I have a dataset which has 3 collinear predictors. I end up extracting these predictors and use a principal component analysis to reduce multi-collinearity. What I want is to use these predictors for further modelling.
- Is it incorrect to use the
predict
function and get the values for the 3 collinear predictors and use the predicted values for further analysis? - Or since the first two axes capture the majority of variance (70% in the demo dataset and 96% in the actual dataset) Should I use only the values from the first two axes instead of the 3 predicted values for further analysis?
#Creating sample dataset
df<- data.frame(ani_id = as.factor(1:10), var1 = rnorm(500), var2=rnorm(500),var3=rnorm(500))
### Principal Component Analysis
myPCA1 = prcomp(df[,-1],data = df , scale. = TRUE, center = TRUE)
summary(myPCA1)
This was my result from the demo dataset when I ran
> summary(myPCA1)
Importance of components:
PC1 PC2 PC3
Standard deviation 1.0355 1.0030 0.9601
Proportion of Variance 0.3574 0.3353 0.3073
Cumulative Proportion 0.3574 0.6927 1.0000
This shows that the first two axes captures almost 70% variance.

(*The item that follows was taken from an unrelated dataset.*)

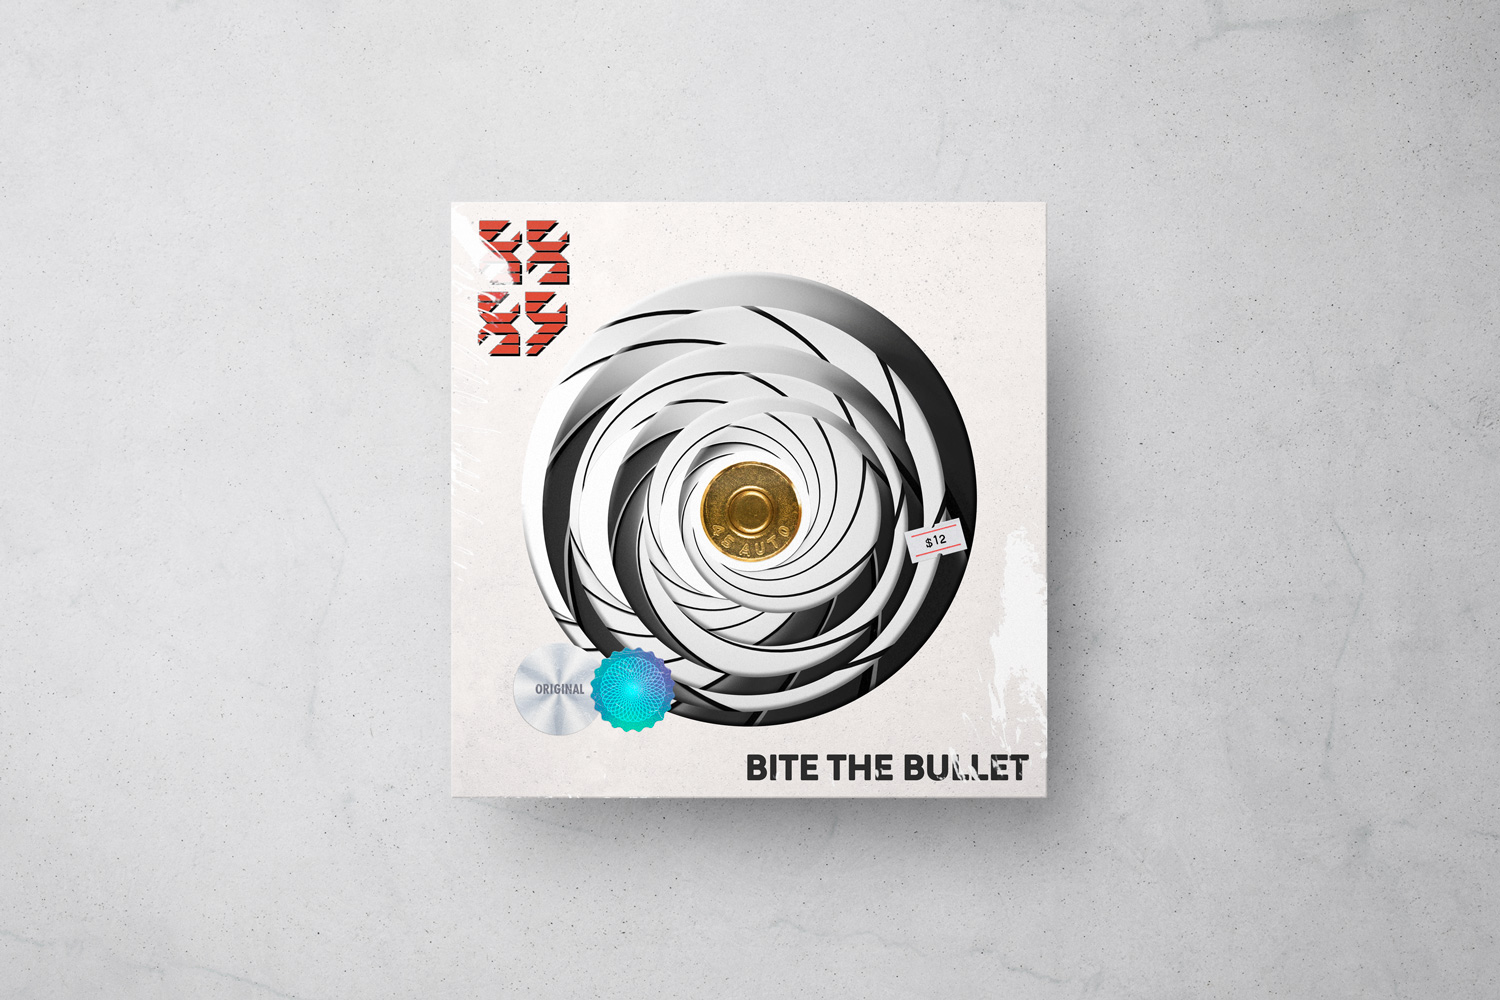 Bite the Bullet by 88/89 – Single cover

Now is it correct to do the following?
## Using predict function to predict the values of the 3 collinear predictors
axes1 <- predict(myPCA1, newdata = df)
head(axes1)
subset1 <- cbind(df, axes1)
names(subset1)
### Removing the actual 3 collinear predictors and getting a dataset with the ID and 3 predictors who are no long collinear
subset1<- subset1[,-c(2:4)]
summary(subset1)
## Merge this to the actual dataset to use for further analysis in linear mixed effect models
Thanks for helping! :)
PS- I did read https://stats.stackexchange.com/questions/72839/how-to-use-r-prcomp-results-for-prediction/72847#72847
But was still unsure. Which is why I am asking here.
Is it incorrect to use the predict function and get the values for the 3 collinear predictors and use the predicted values for further analysis?

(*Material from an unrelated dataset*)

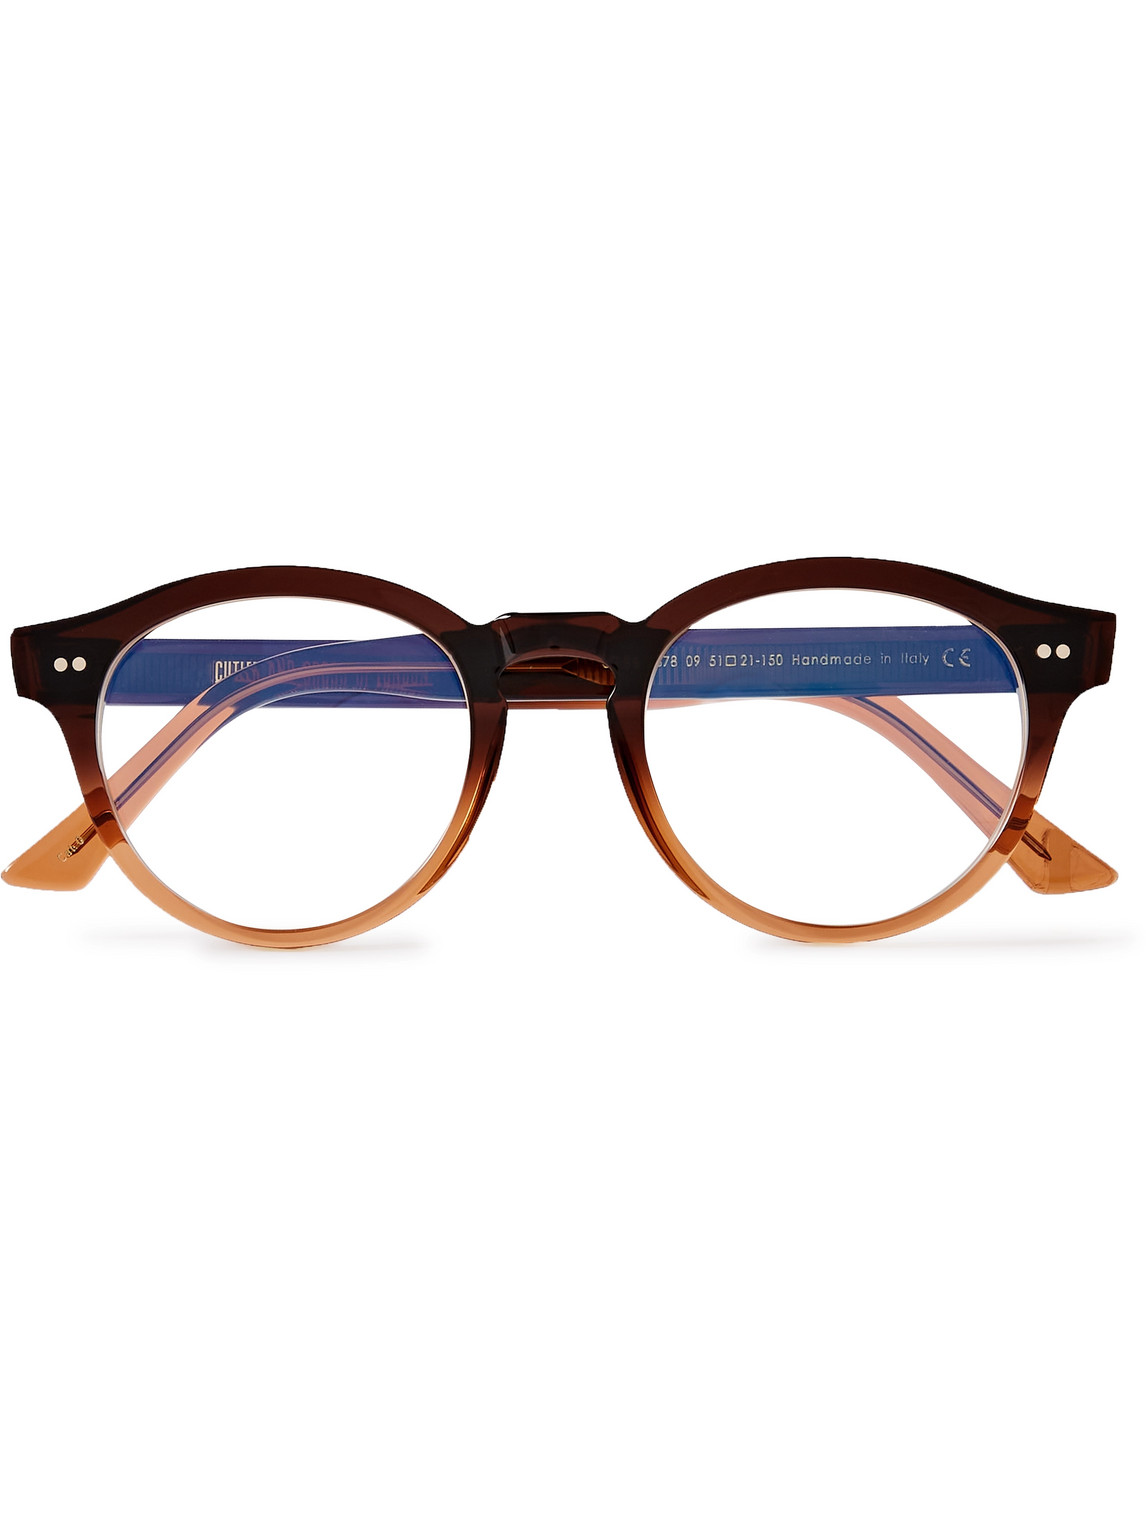 Cutler And Gross 1378 Round-frame Acetate Blue Light-blocking Optical Glasses In Brown

Yes. The values are the same as
myPCA1$x
Or since the first two axes capture the majority of variance (70% in the demo dataset and 96% in the actual dataset) Should I use only the values from the first two axes instead of the 3 predicted values for further analysis?
I personally only use the first axis (but that's when it explains at least 70%). However I don't see any issue with using multiple. The second axis is orthogonal to the first axis. I guess my caution would be that you would have to understand what the PCA axis represent in terms of your predictor variables (e.g., does predictor 1 increase or decrease along the PCA1 vs PCA2?). Including a third one increases the number of predictors in the model and you have to question where or not the extra 30 percent of the variation is worth to include versus potential model overfitting?
Also not sure if this is a question for stackoverflow or crossvalidated.